1.5.12

the monday's on tuesday.


This morning has been rough.



I didn't fall asleep till 2:20ish. I don't know why, but my brain wouldn't shut off.

I woke up late - later than usual, that is. 8:20, to be exact. No good.

I pulled my hair out of the bun it was in to find it was a huge, poofy, yucky mess. I had no time to straighten it, so I wet it and back up in a bun it went.

Getting dressed was frustrating too...my favorite pair of capris ripped on the outer leg seam....

And I was forced to wear a t-shirt because all of my cardis were dirty..

....if you don't know yet, I hate plain t-shirts. I feel so...meh. 

Then it just kept getting worse.

I didn't want to eat cereal for breakfast, so I made eggs.
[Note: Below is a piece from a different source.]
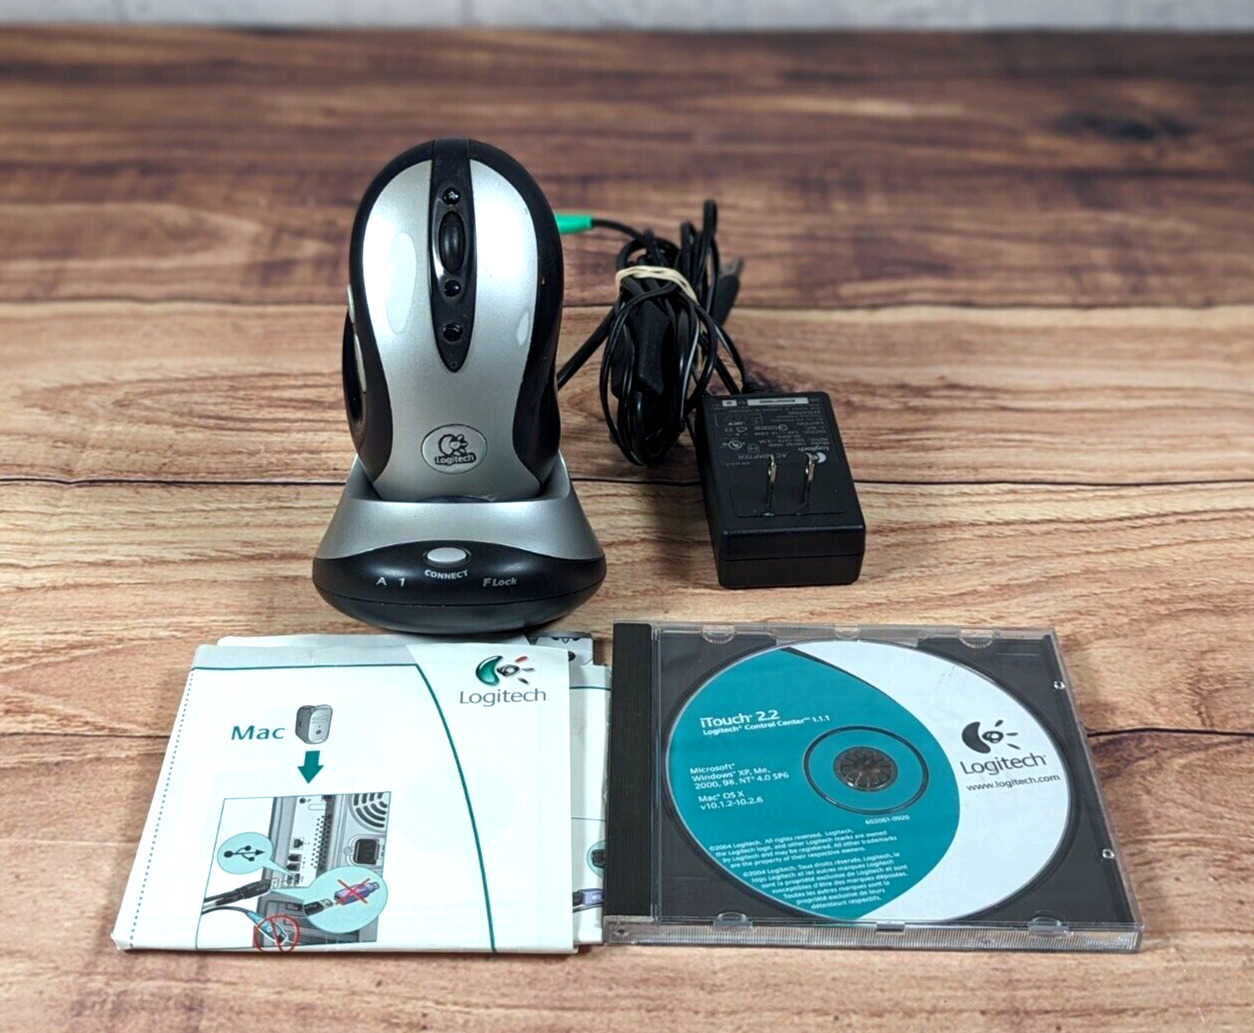 Vintage Logitech MX700 Cordless Optical Mouse with Docking Station Tested Works

Big mistake. Eggs make me sick in the morning for some reason.

Some other stuff happened too. I've been being avoided for five days by someone I needed to talk to. And their excuse was "oops."
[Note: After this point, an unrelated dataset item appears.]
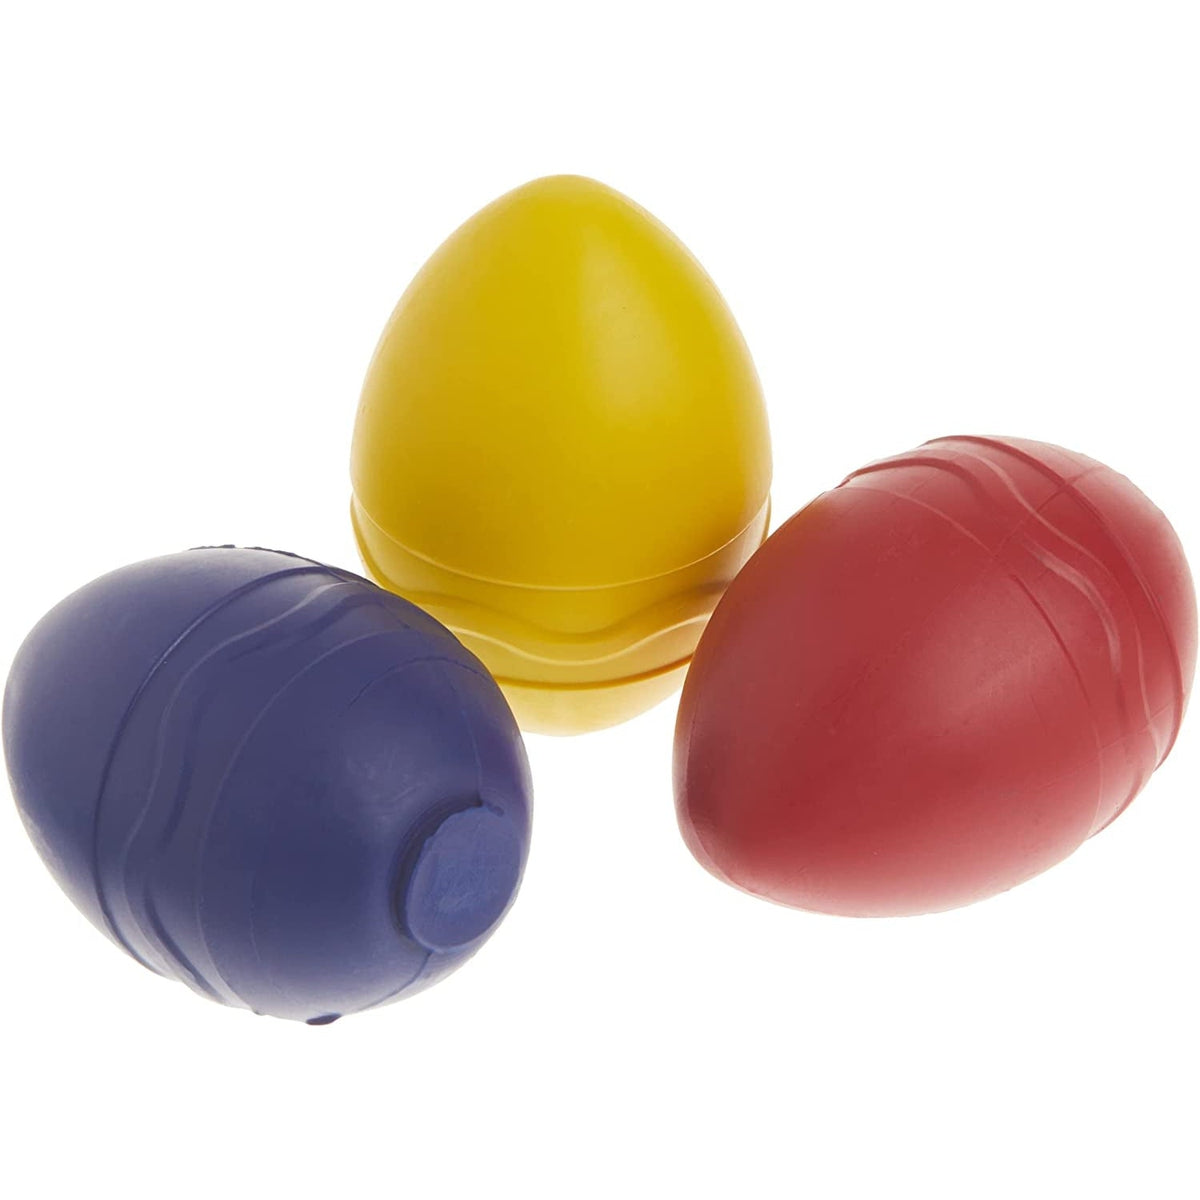 Crayola palm grip large egg crayons – Dilly Dally Kids

So then I was mad. and hurt. And wanted to scream, literally.

I took off on a bike ride to get some of the aggression out. Straight down to the very bottom of our subdivision. It was a long bike ride back up. But I needed it.

I came home and sat on the couch for a minute, catching my breath, reading some blogs I've stumbled upon recently.

I kept on finding posts relating to the same thing: forgiveness and getting over the little things, and remembering it's not all about you. 

The whole root of my morning being bad was because I was upset about being avoided and not having my phone calls, texts, and facebook messages returned, when I needed to.

As I sat on the couch, reading, I was reminded it's not always about me. yeah, I need to get my worship team together to practice, but sometimes, people have other, bigger things going on. And sometimes it's your best friend, and you feel you have the right to be upset because they never ignore you, when that's really just not true. 

I have a feeling the rest of the day will continue on like a second monday...somewhat annoying and unpleasant, but I'll get over it. Today is still a blessing, even if I feel cursed.